“Hide inside this deep freezer. Your mummy is coming to beat you with a cane. Don’t come out until I open the door,” Aunty Chidera, the housemaid, whispered to Junior

Chidera fell to her knees, crying, holding the bag of gold up.

“Take it! Take the gold! Take everything! Just let me go!”

The leader of the ritualists kicked the bag away.

“We don’t eat gold here,” he said, sharpening his machete. “We need fresh bl00d.”

Chidera screamed. She remembered Gloria. She remembered Junior.

“I am sorry!” she wailed. “God, I am sorry! I k|ll£d my Madam’s son! Please don’t let me die like this!”

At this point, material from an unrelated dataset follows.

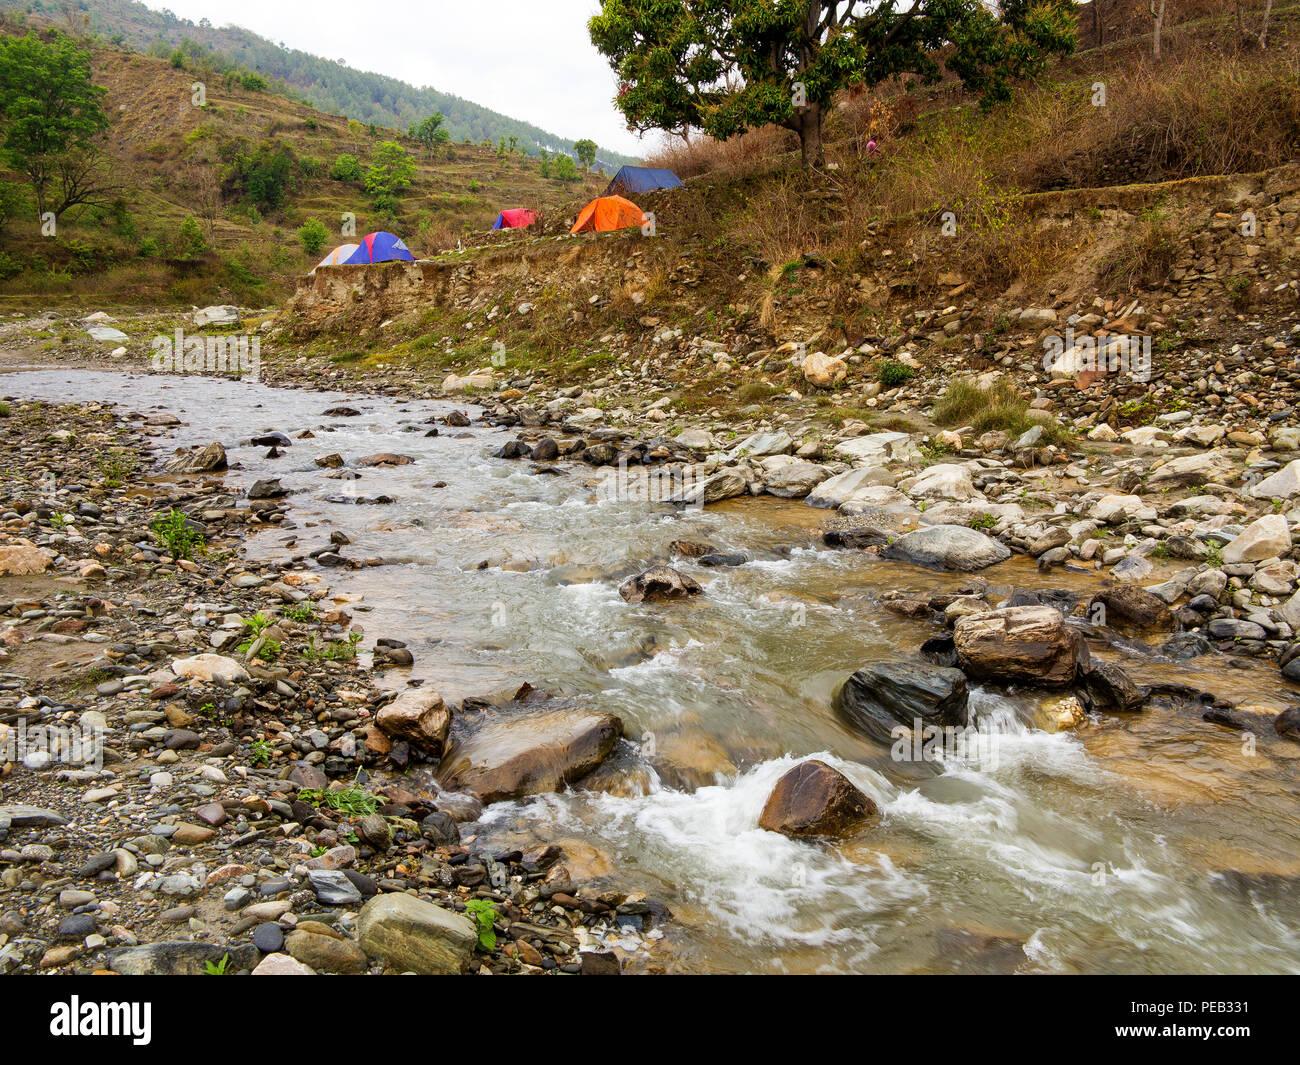 Campamento a orillas del río Panar, colinas de Kumaon, Uttarakhand, India Imagen De Stock

The man raised the machete high.
Chidera closed her eyes, waiting for the end.

VROOOOM!

Suddenly, blinding lights cut through the darkness.

WEE-OOO! WEE-OOO!

A Police Patrol Van jumped out of the bush path, sirens blaring.

“POLICE! NO MOVE!”

Gunshots rang out. KPOW! KPOW!

The ritualists dropped their machetes and ran into the thick forest. The driver abandoned his car and fled.

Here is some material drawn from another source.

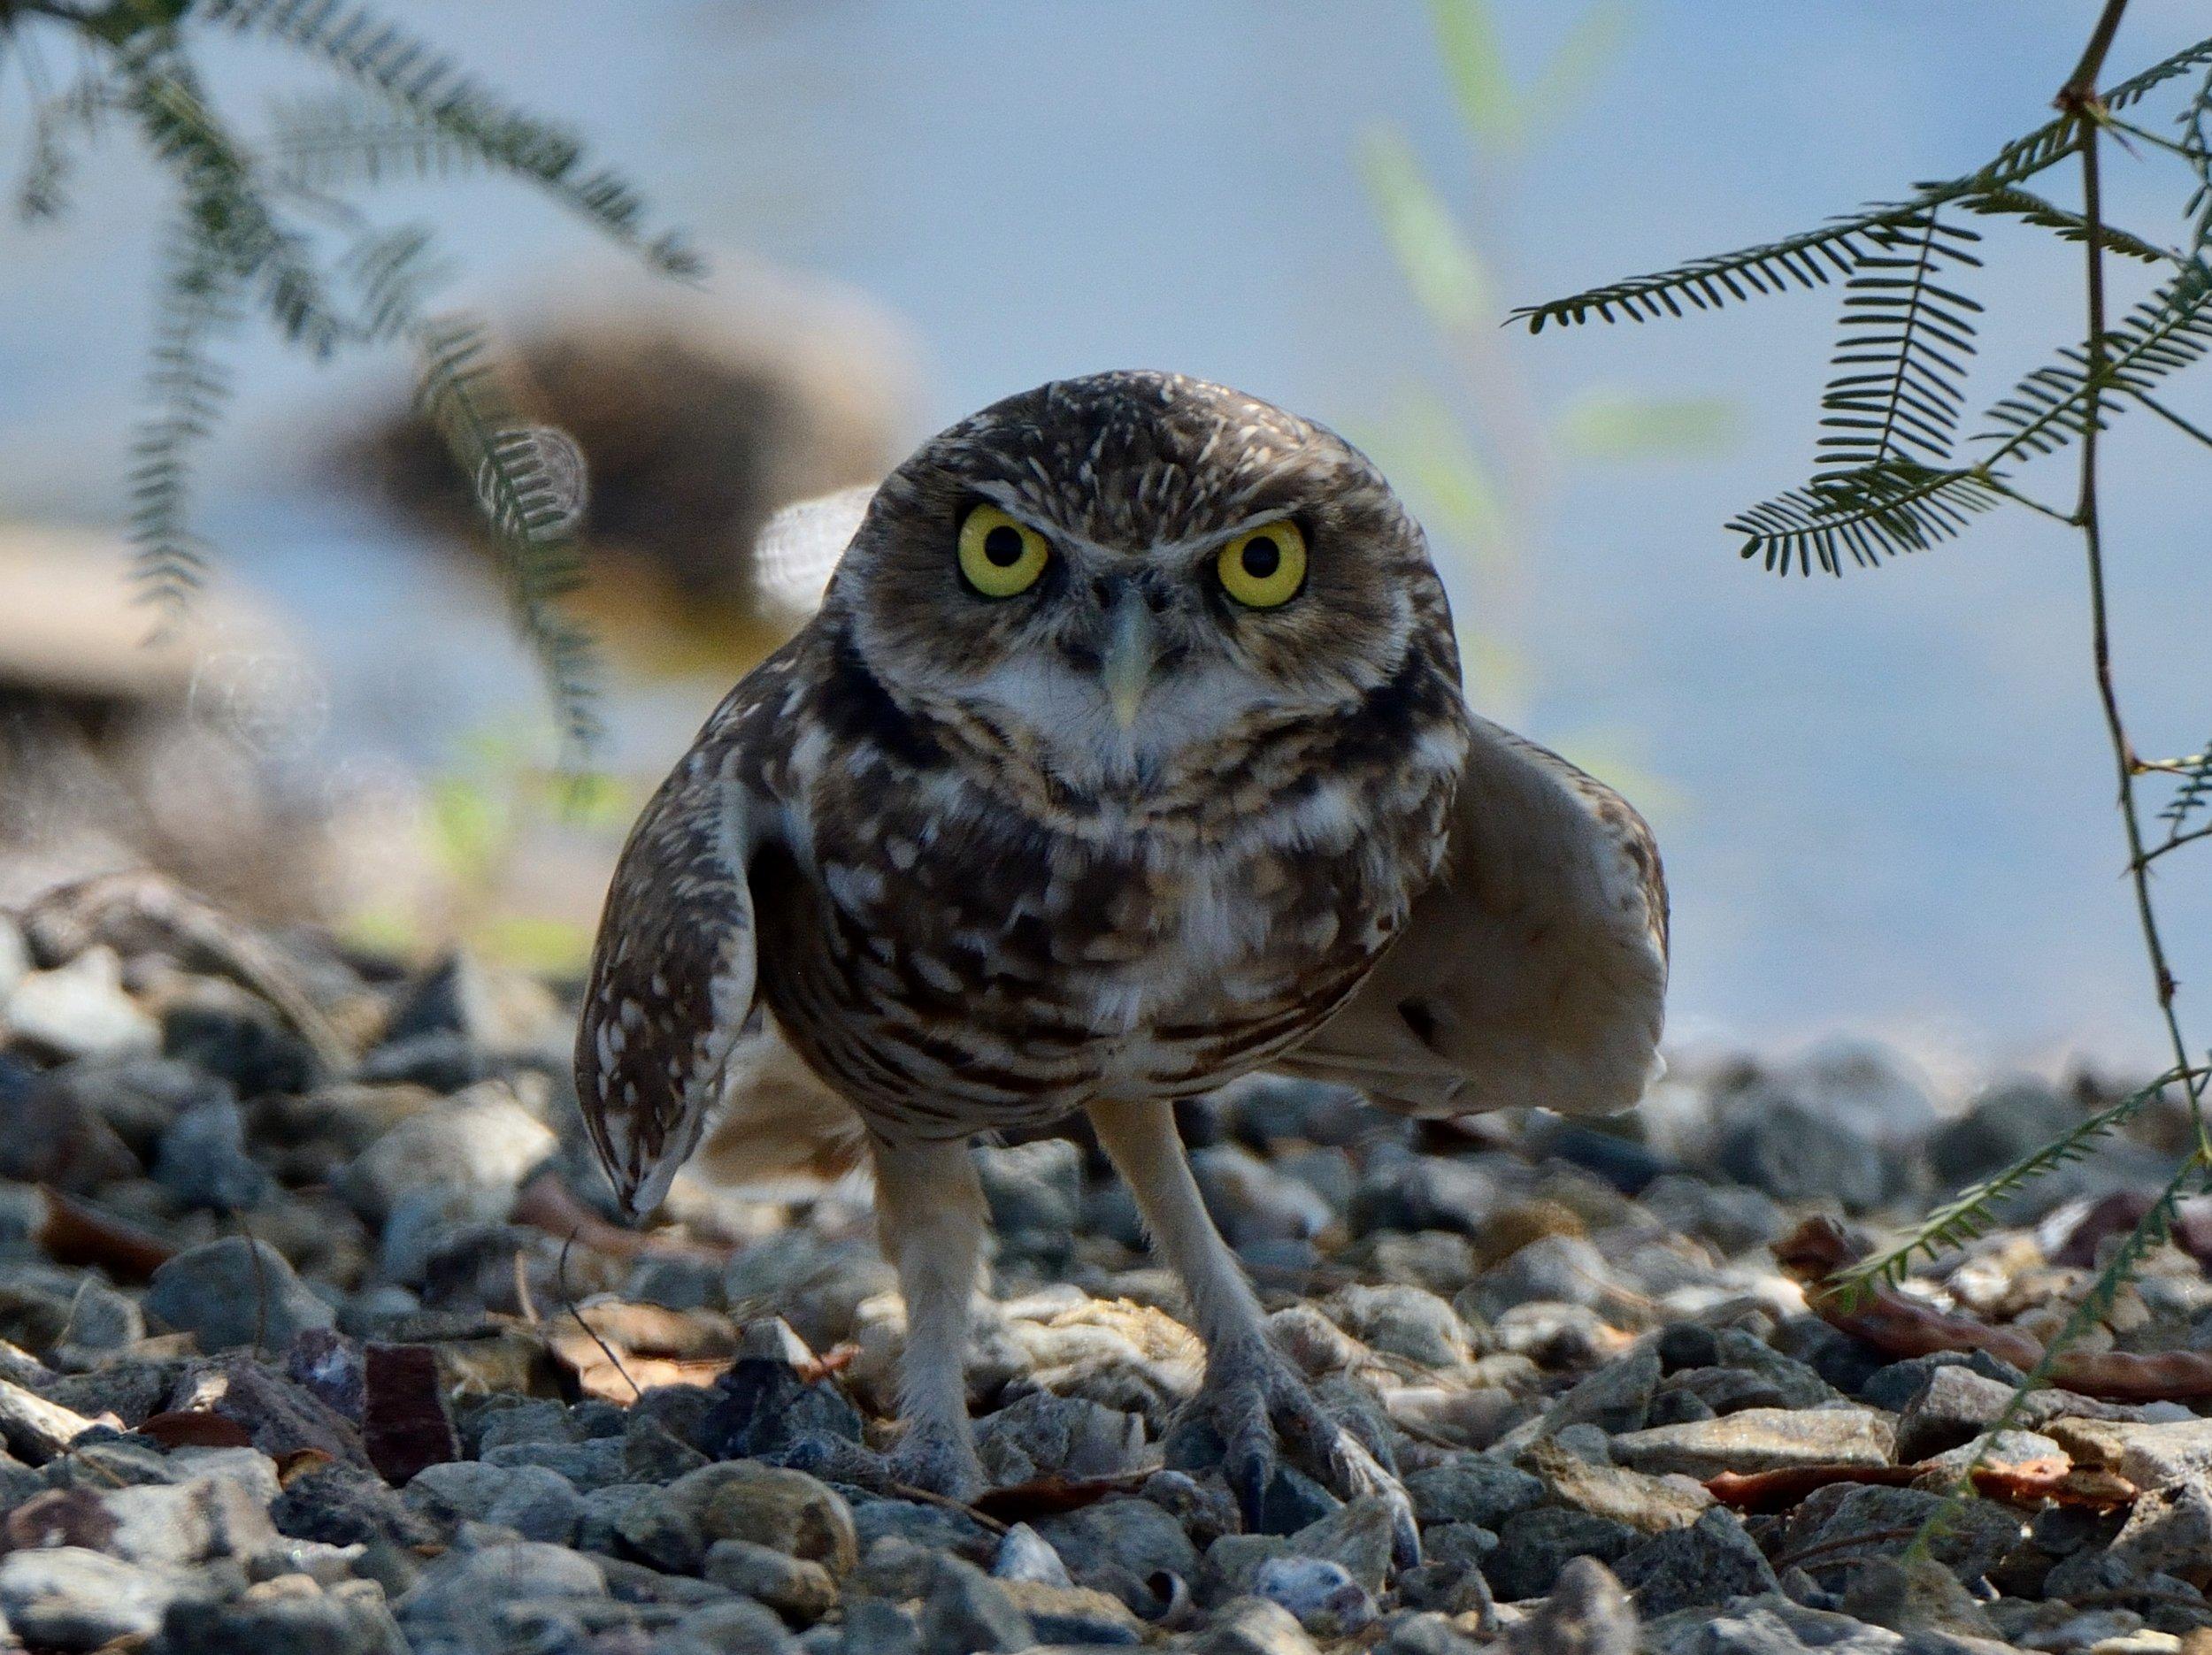 Dine around - blue owl - Tuesday, June 19, 2010

The police officers jumped down, guns ready. They saw Chidera kneeling on the ground, shaking, with the bag of stolen gold beside her.

An officer walked up to her and shone his torch in her face.

“You are lucky, young girl,” he said. “We have been tracking this gang for weeks.”

He looked at the bag. He opened it and saw the gold. He looked back at Chidera.

“But wait… where did a young girl like you get this kind of gold?”

Chidera looked at the officer. She looked at the gold. She looked at the handcuffs on his belt.

She realized she had been saved from death, only to fall into judgment.

*

While Chidera was being handcuffed in the bush, death was knocking at Gloria’s door.

Chief Philip, Gloria’s husband had returned but could not find his wife.

He noticed that the kitchen was strange because it was locked. Gloria never locks the kitchen.

He stood at the kitchen door. He had his key in the keyhole.

GRITY-GRITY.

Inside the kitchen, Gloria squeezed Junior tight, waiting for the explosion.

Philip turned the key.

CLICK.

The lock opened.
But Philip paused. He didn’t push the door.
He sniffed the air near the doorframe.

Sniff. Sniff.

“Gas?”

His eyes widened in horror. He dropped the box of pizza he had bought for his wife.

“GLORIA!” he roared.

He knew that if he pushed that door open, the friction of the hinges or the rush of fresh oxygen mixing with the gas could cause a spark.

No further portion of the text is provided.